====== Source material

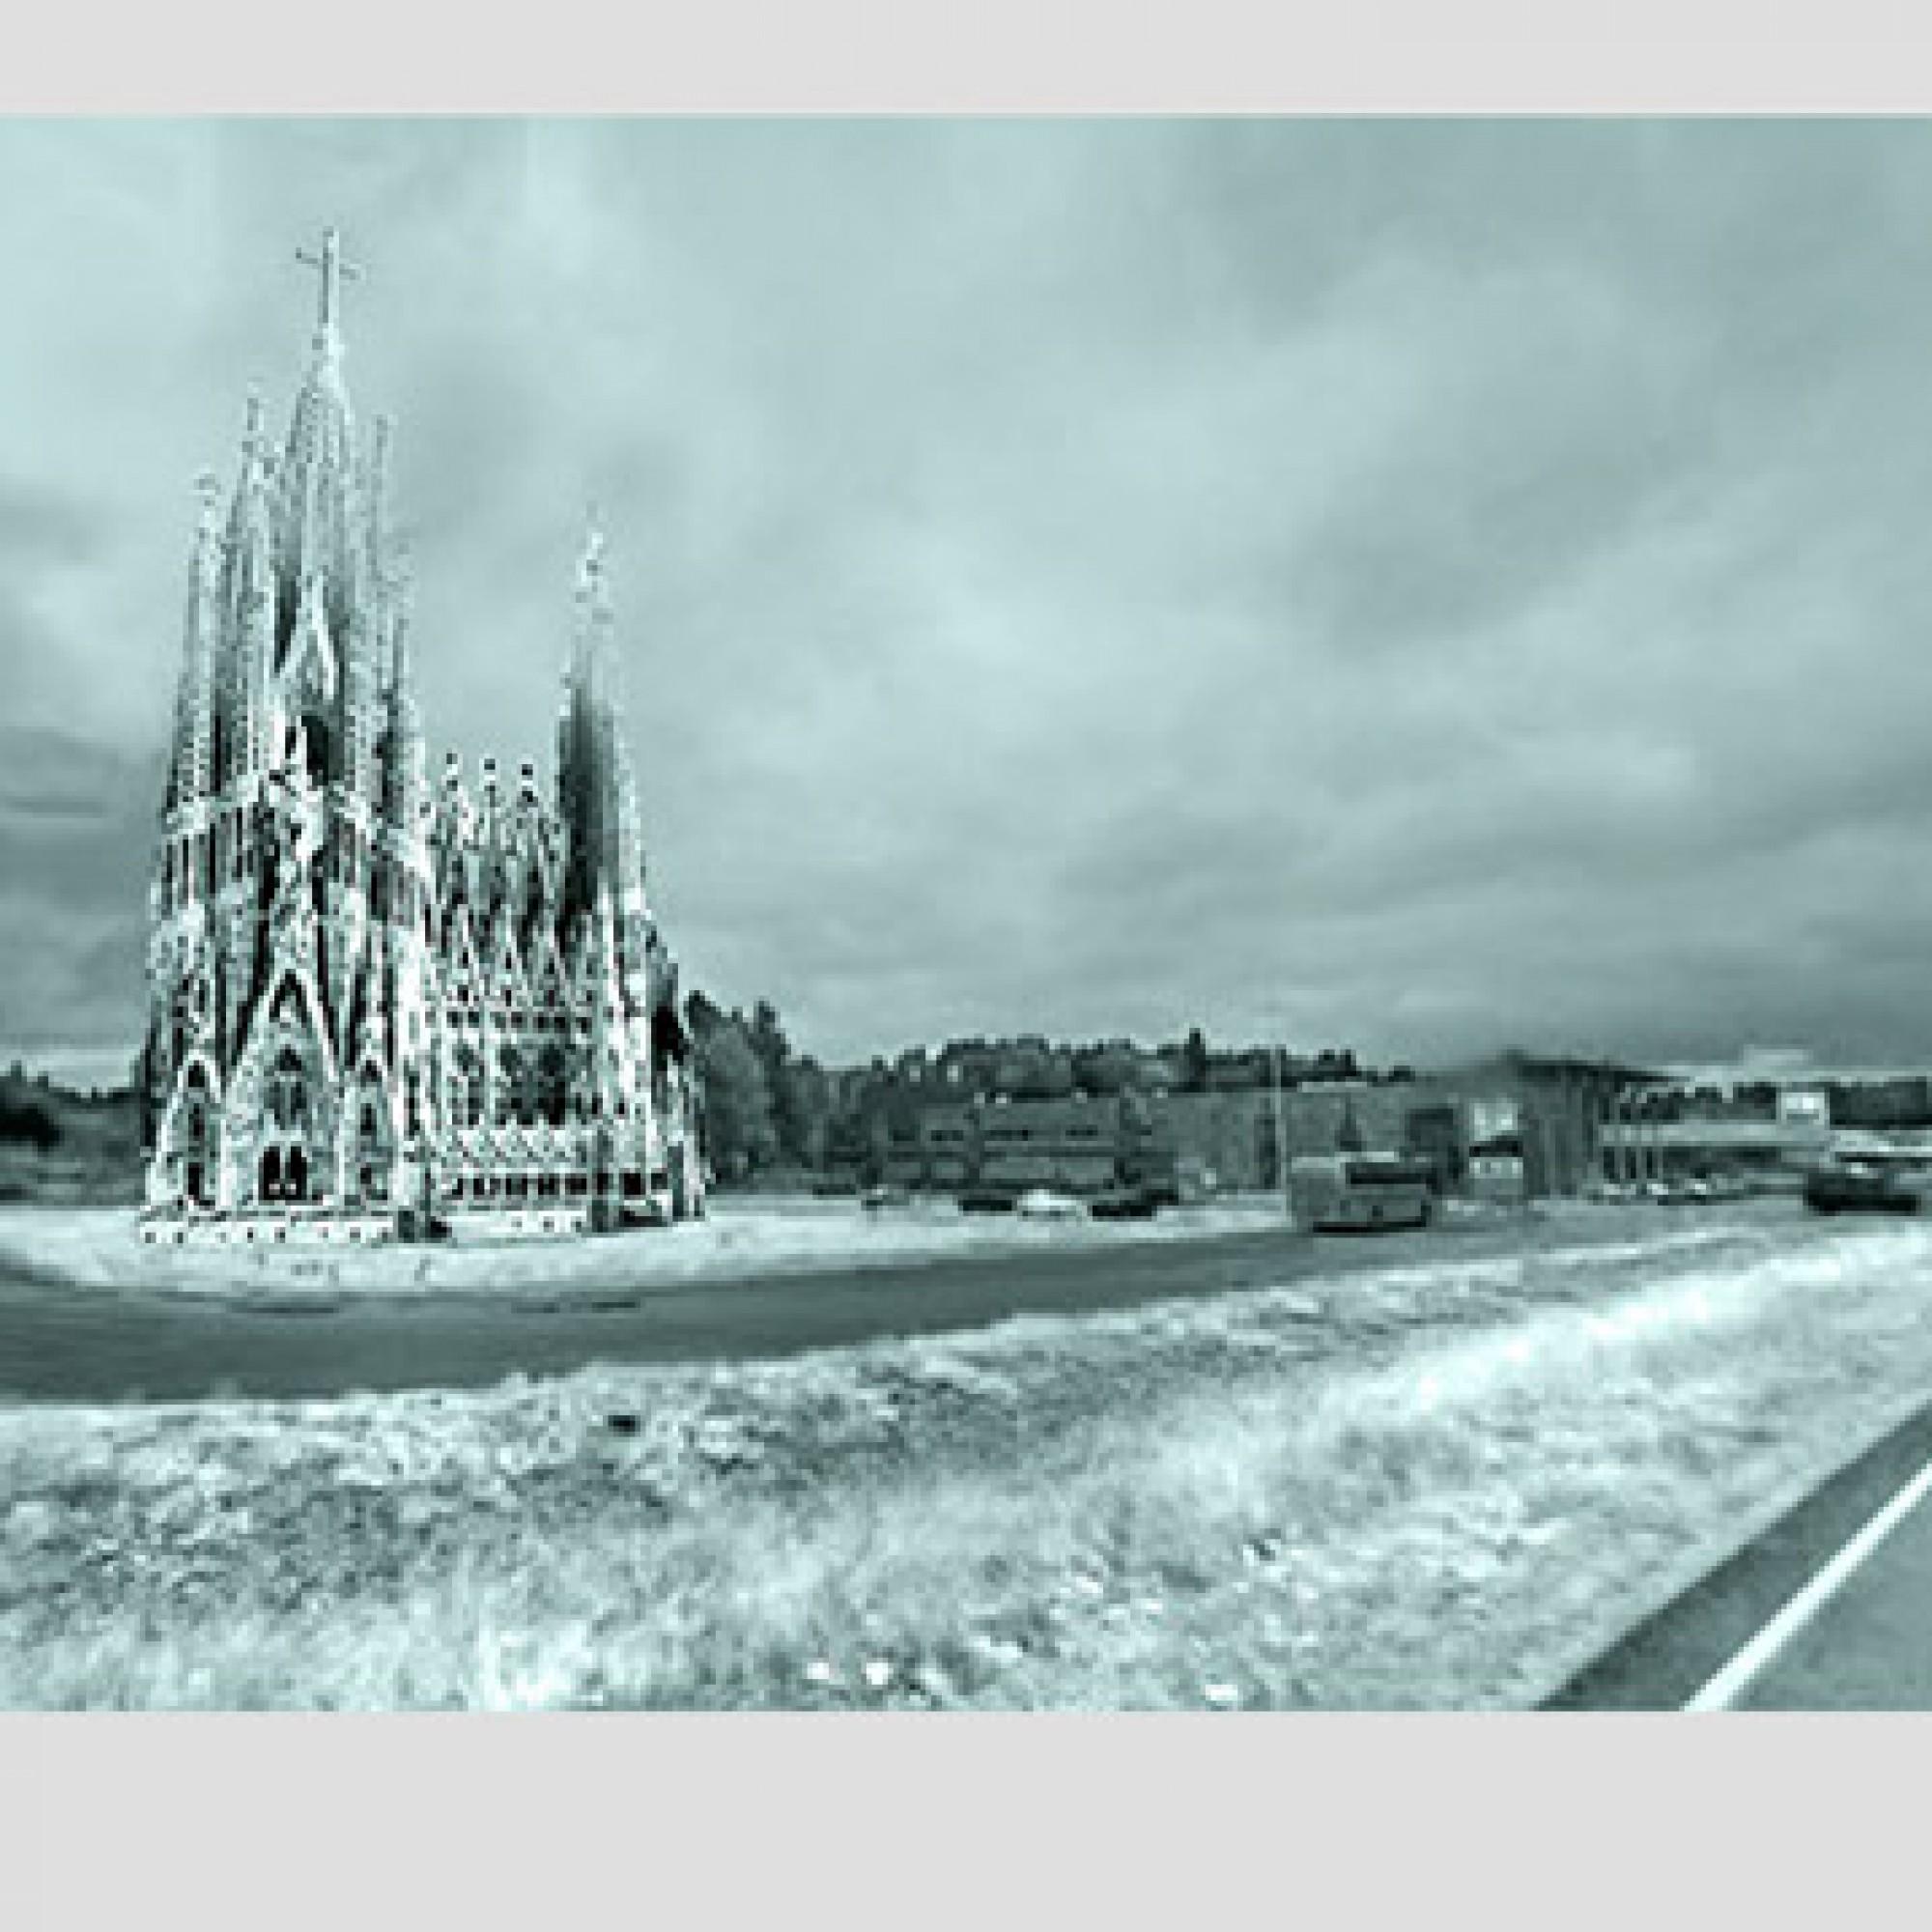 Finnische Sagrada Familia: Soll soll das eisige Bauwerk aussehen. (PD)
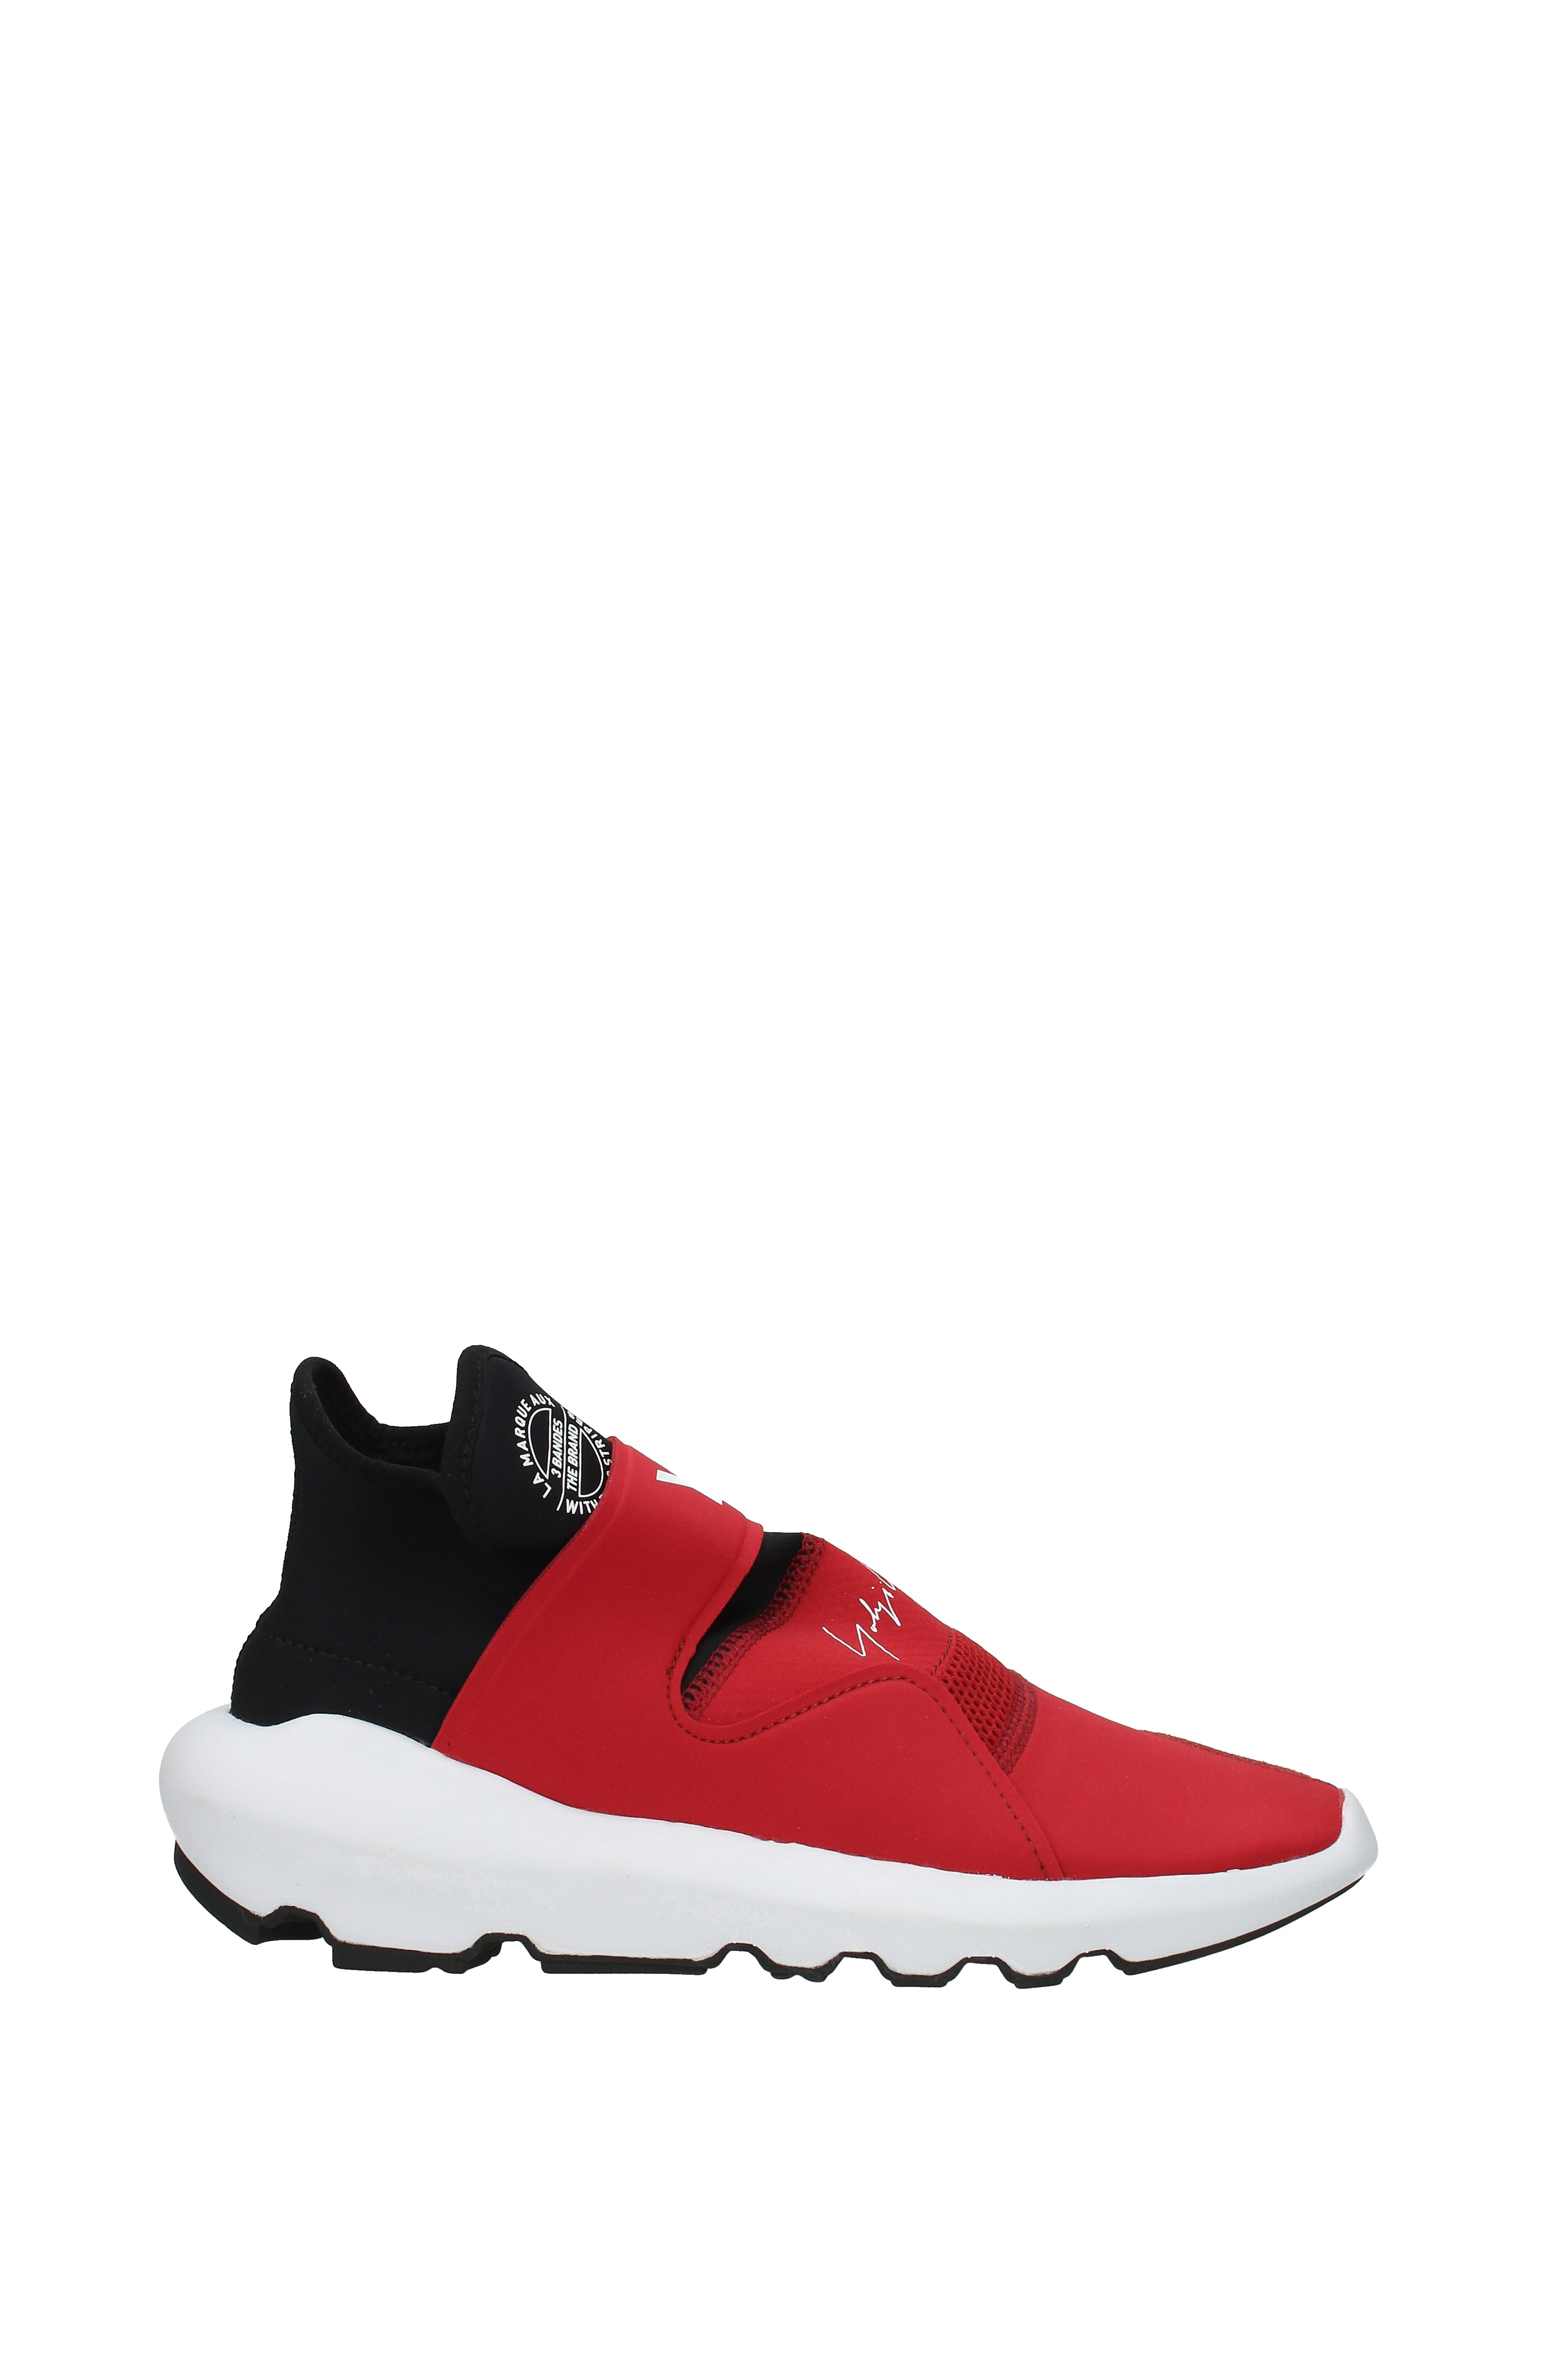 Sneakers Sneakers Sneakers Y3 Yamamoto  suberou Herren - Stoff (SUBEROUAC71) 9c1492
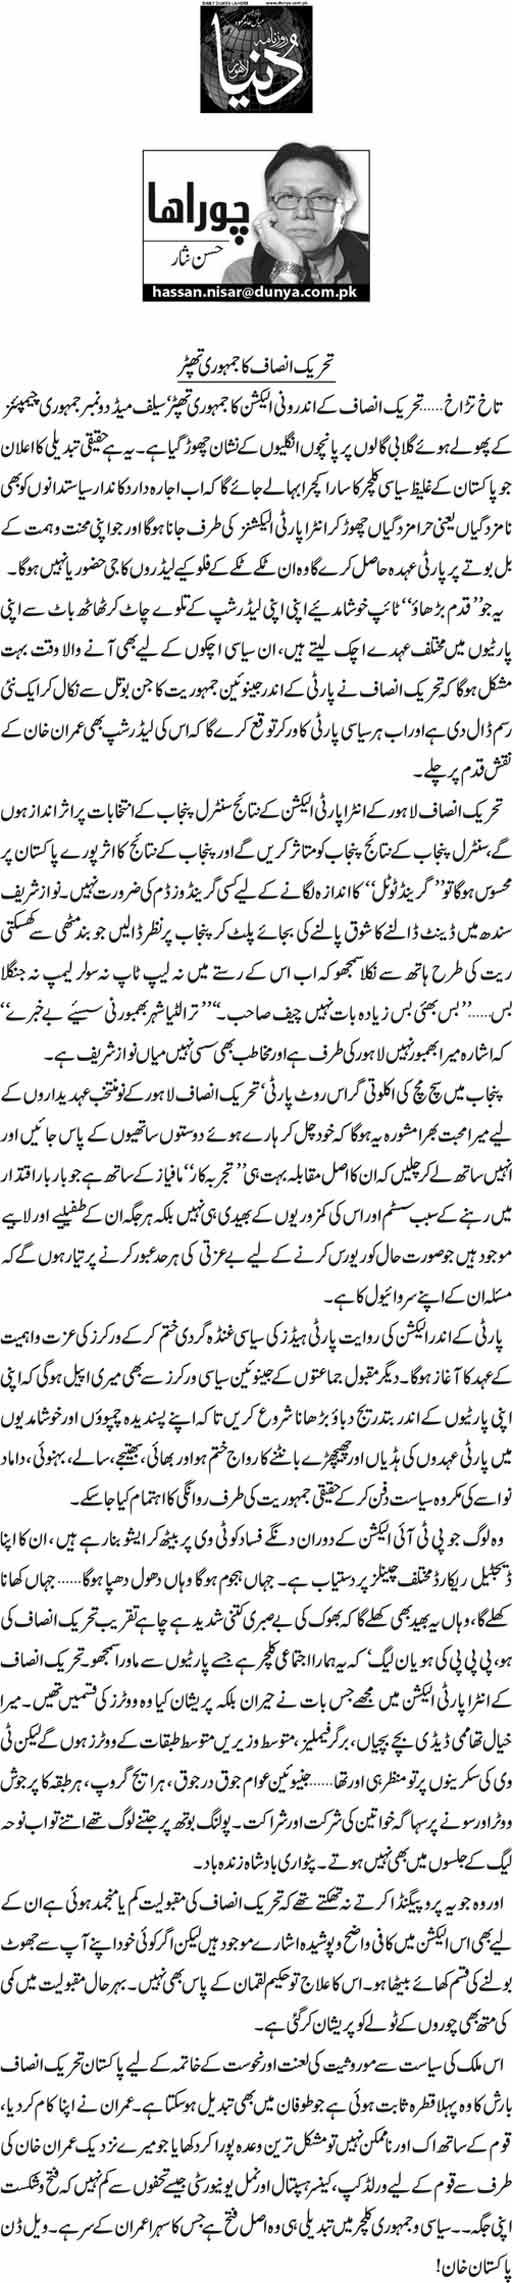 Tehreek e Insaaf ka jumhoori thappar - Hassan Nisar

============

§ How to complete this task
Output the listing exactly, without images.

§ Output of the task
 Finnische Sagrada Familia: Soll soll das eisige Bauwerk aussehen. (PD)
 Sneakers Sneakers Sneakers Y3 Yamamoto  suberou Herren - Stoff (SUBEROUAC71) 9c1492
 Tehreek e Insaaf ka jumhoori thappar - Hassan Nisar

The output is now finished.